## RECORDS FOR PROCESSING
.....
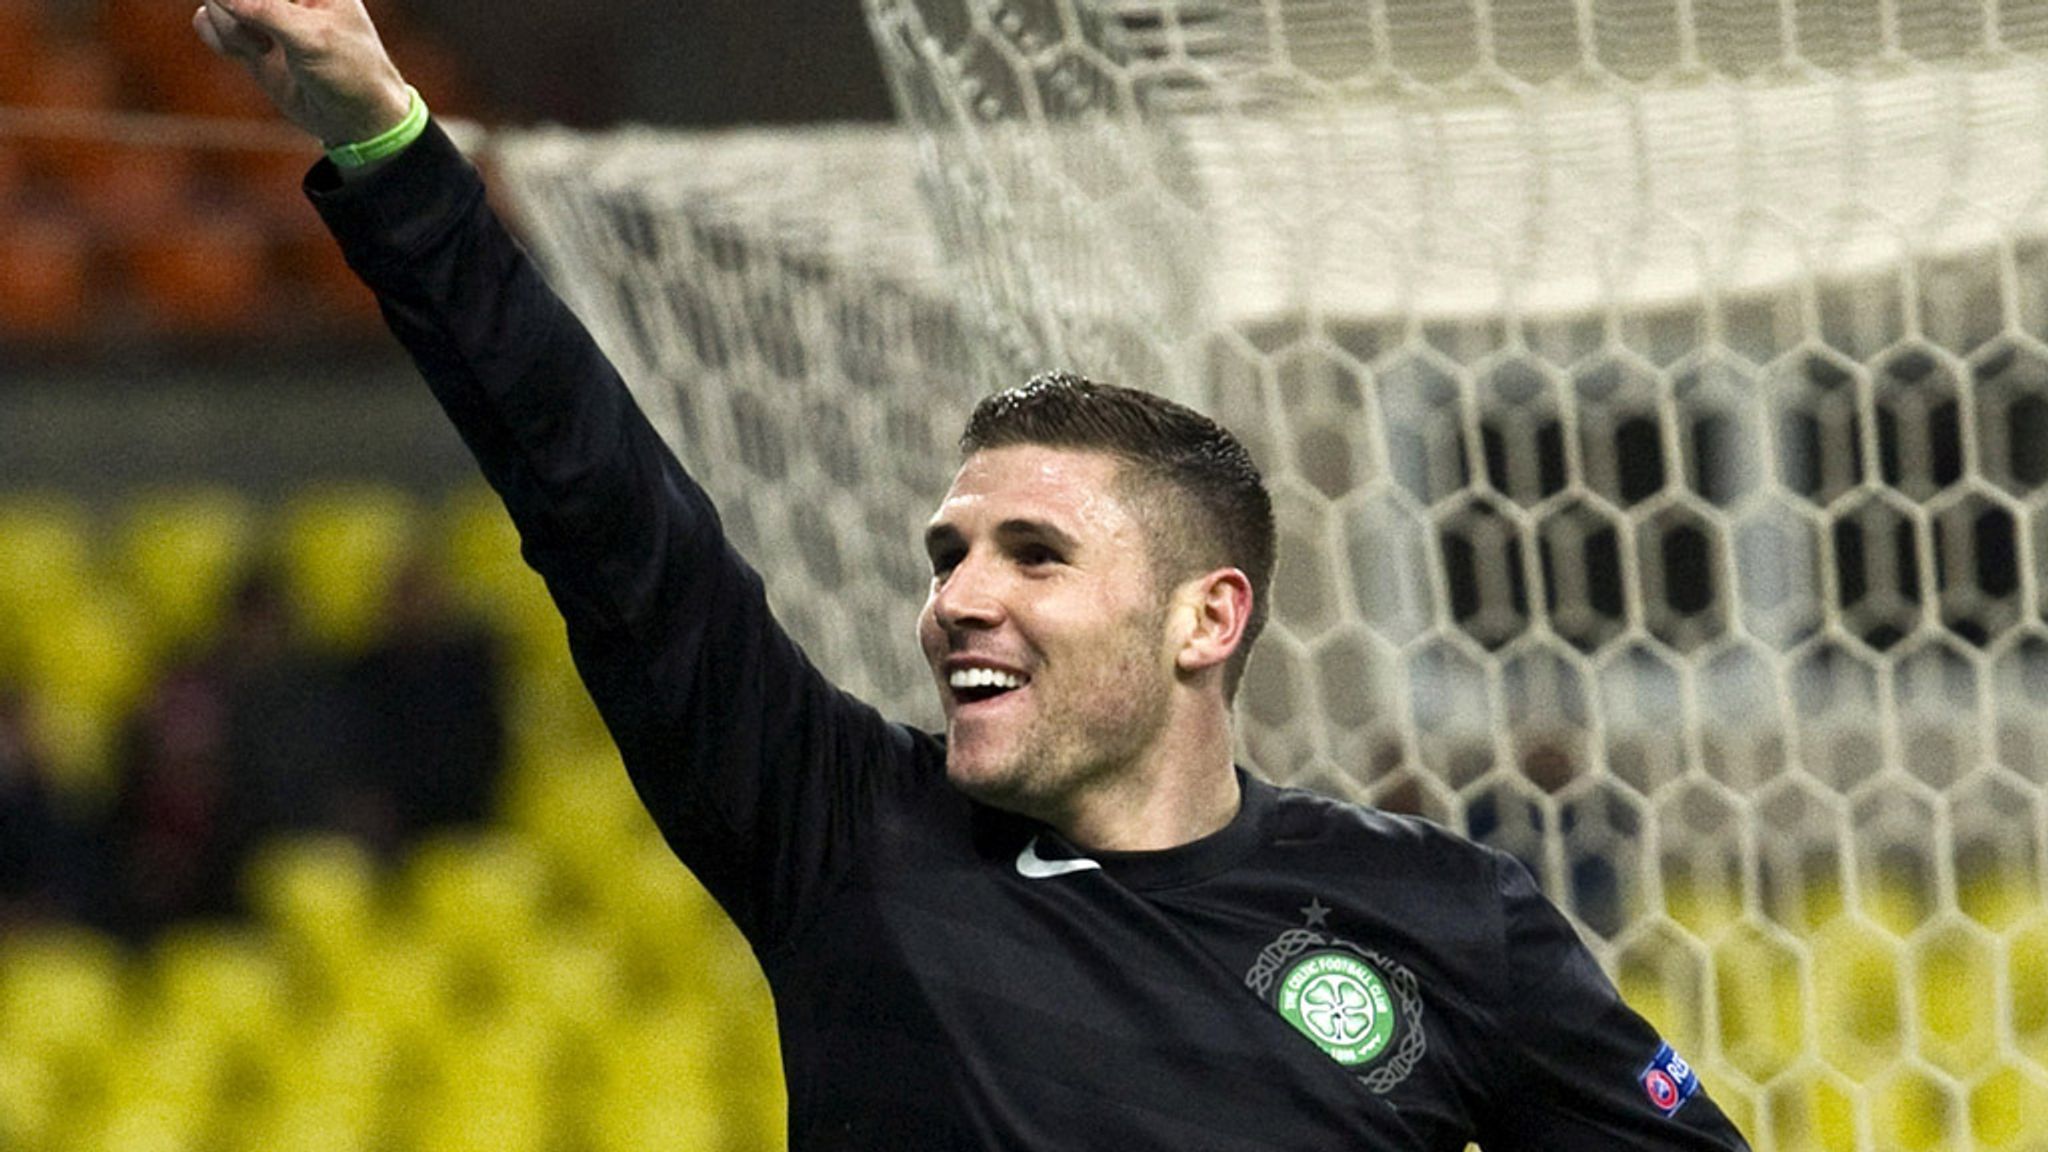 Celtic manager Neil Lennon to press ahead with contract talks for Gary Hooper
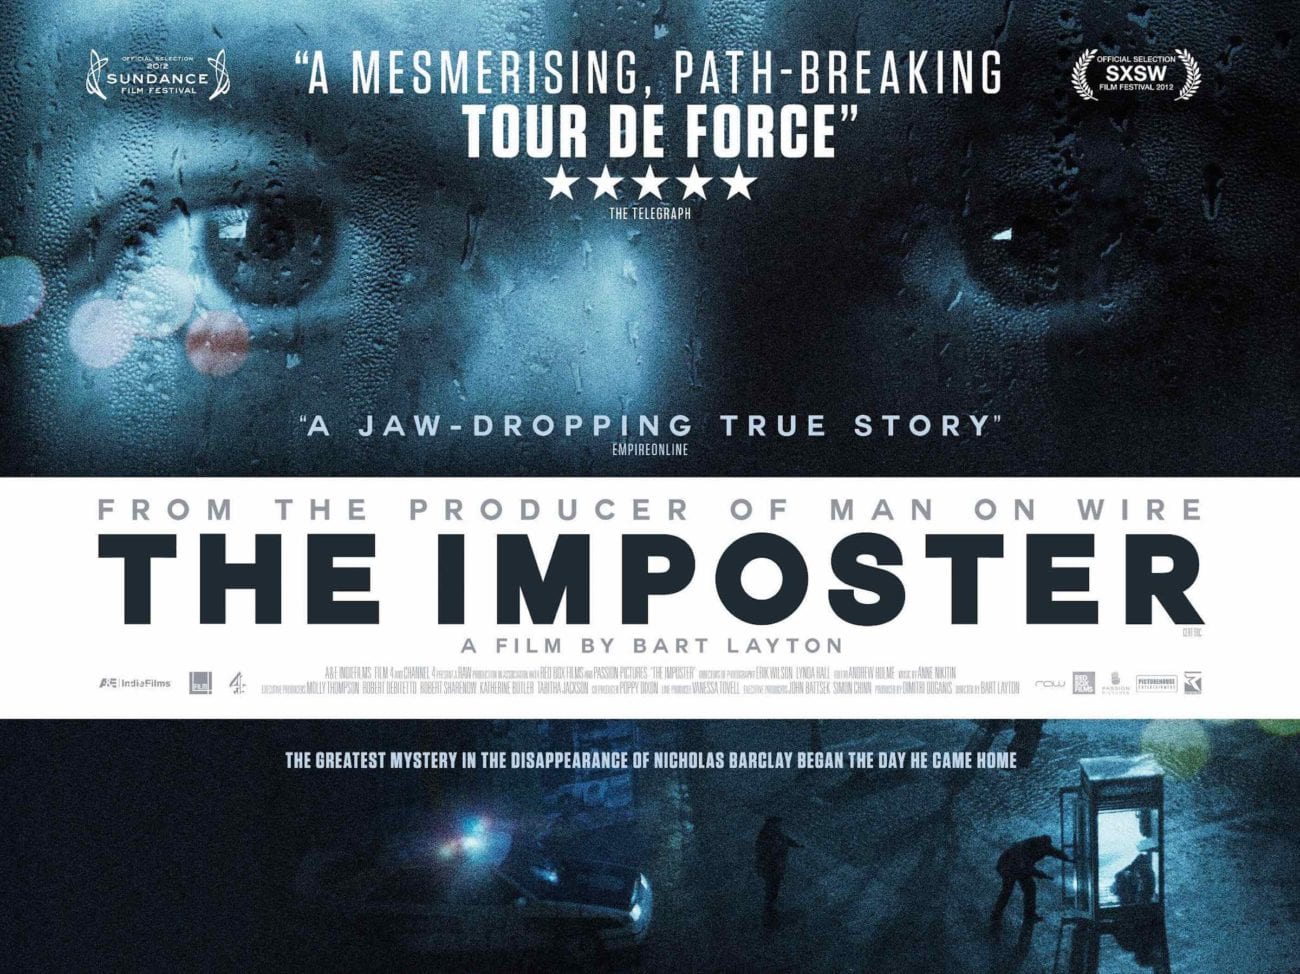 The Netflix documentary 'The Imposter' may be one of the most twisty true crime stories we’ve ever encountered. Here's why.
.....
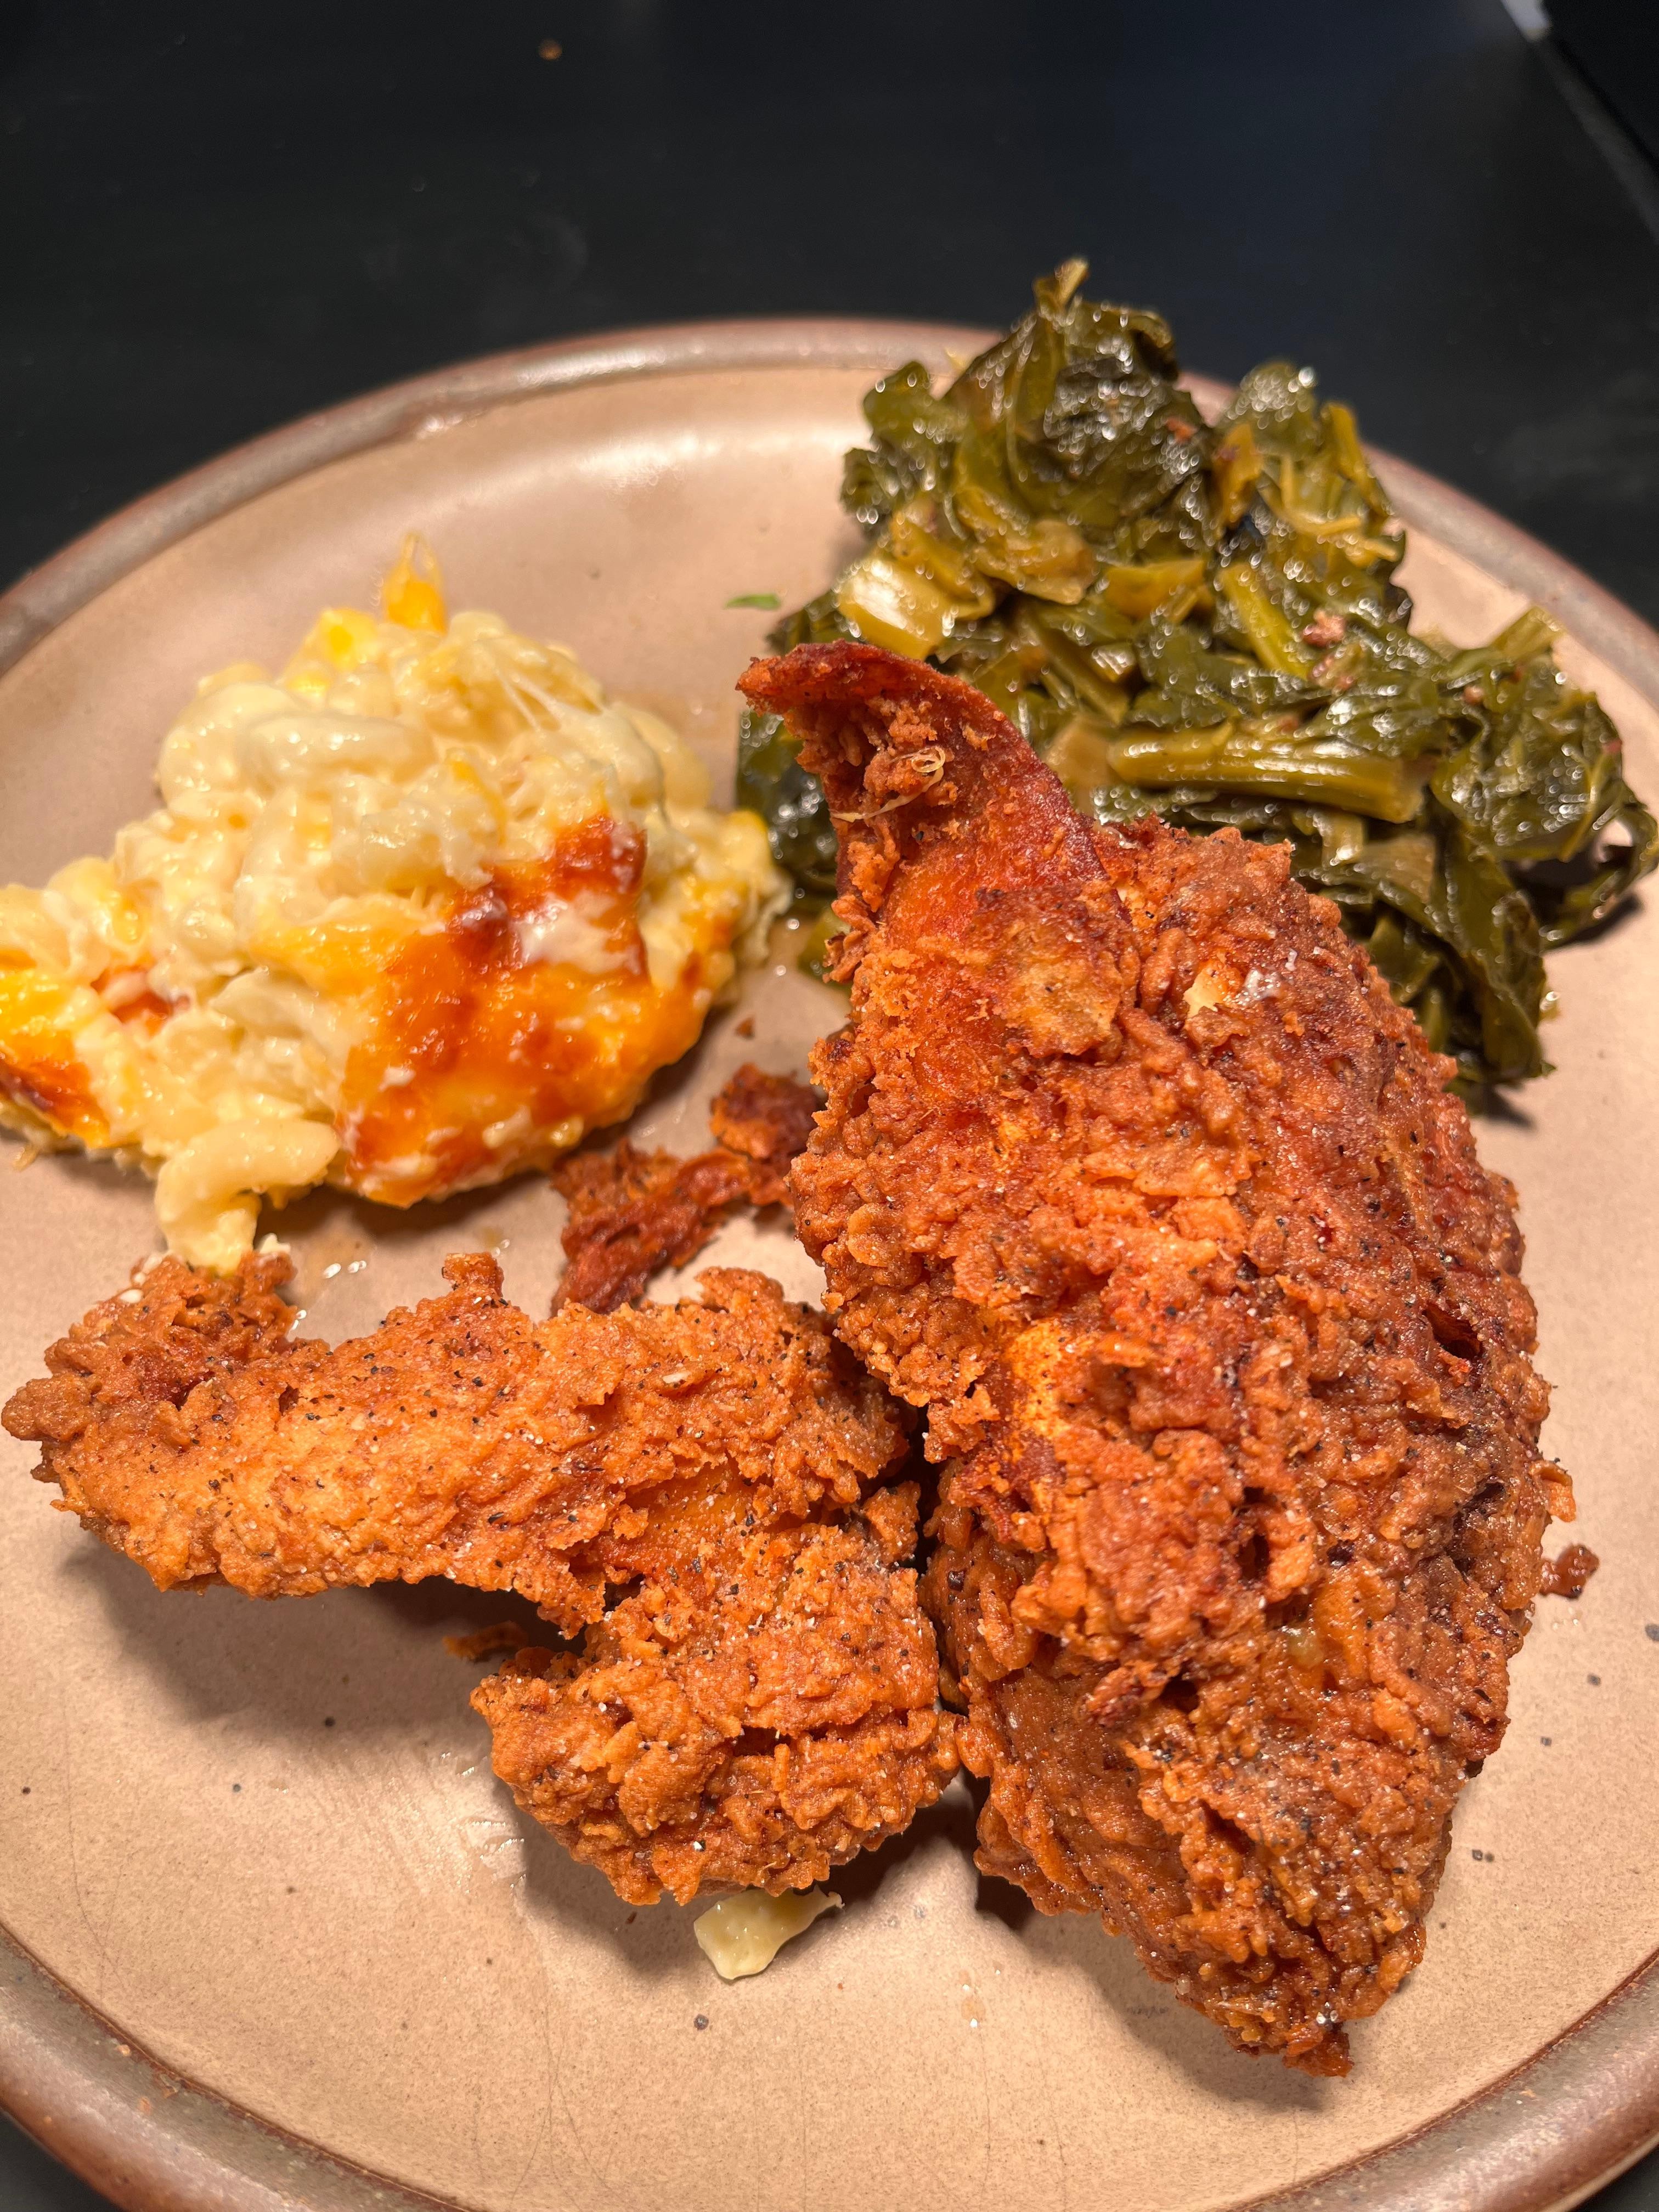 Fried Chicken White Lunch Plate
.....
## WHAT TO DO
Among the entries above, locate the line with "Celtic manager Neil" and the line with "The Netflix documentary". Give those two lines and all lines between them again, exactly, leaving out the pictures.

## RESULT OF THIS TASK
 Celtic manager Neil Lennon to press ahead with contract talks for Gary Hooper
 The Netflix documentary 'The Imposter' may be one of the most twisty true crime stories we’ve ever encountered. Here's why.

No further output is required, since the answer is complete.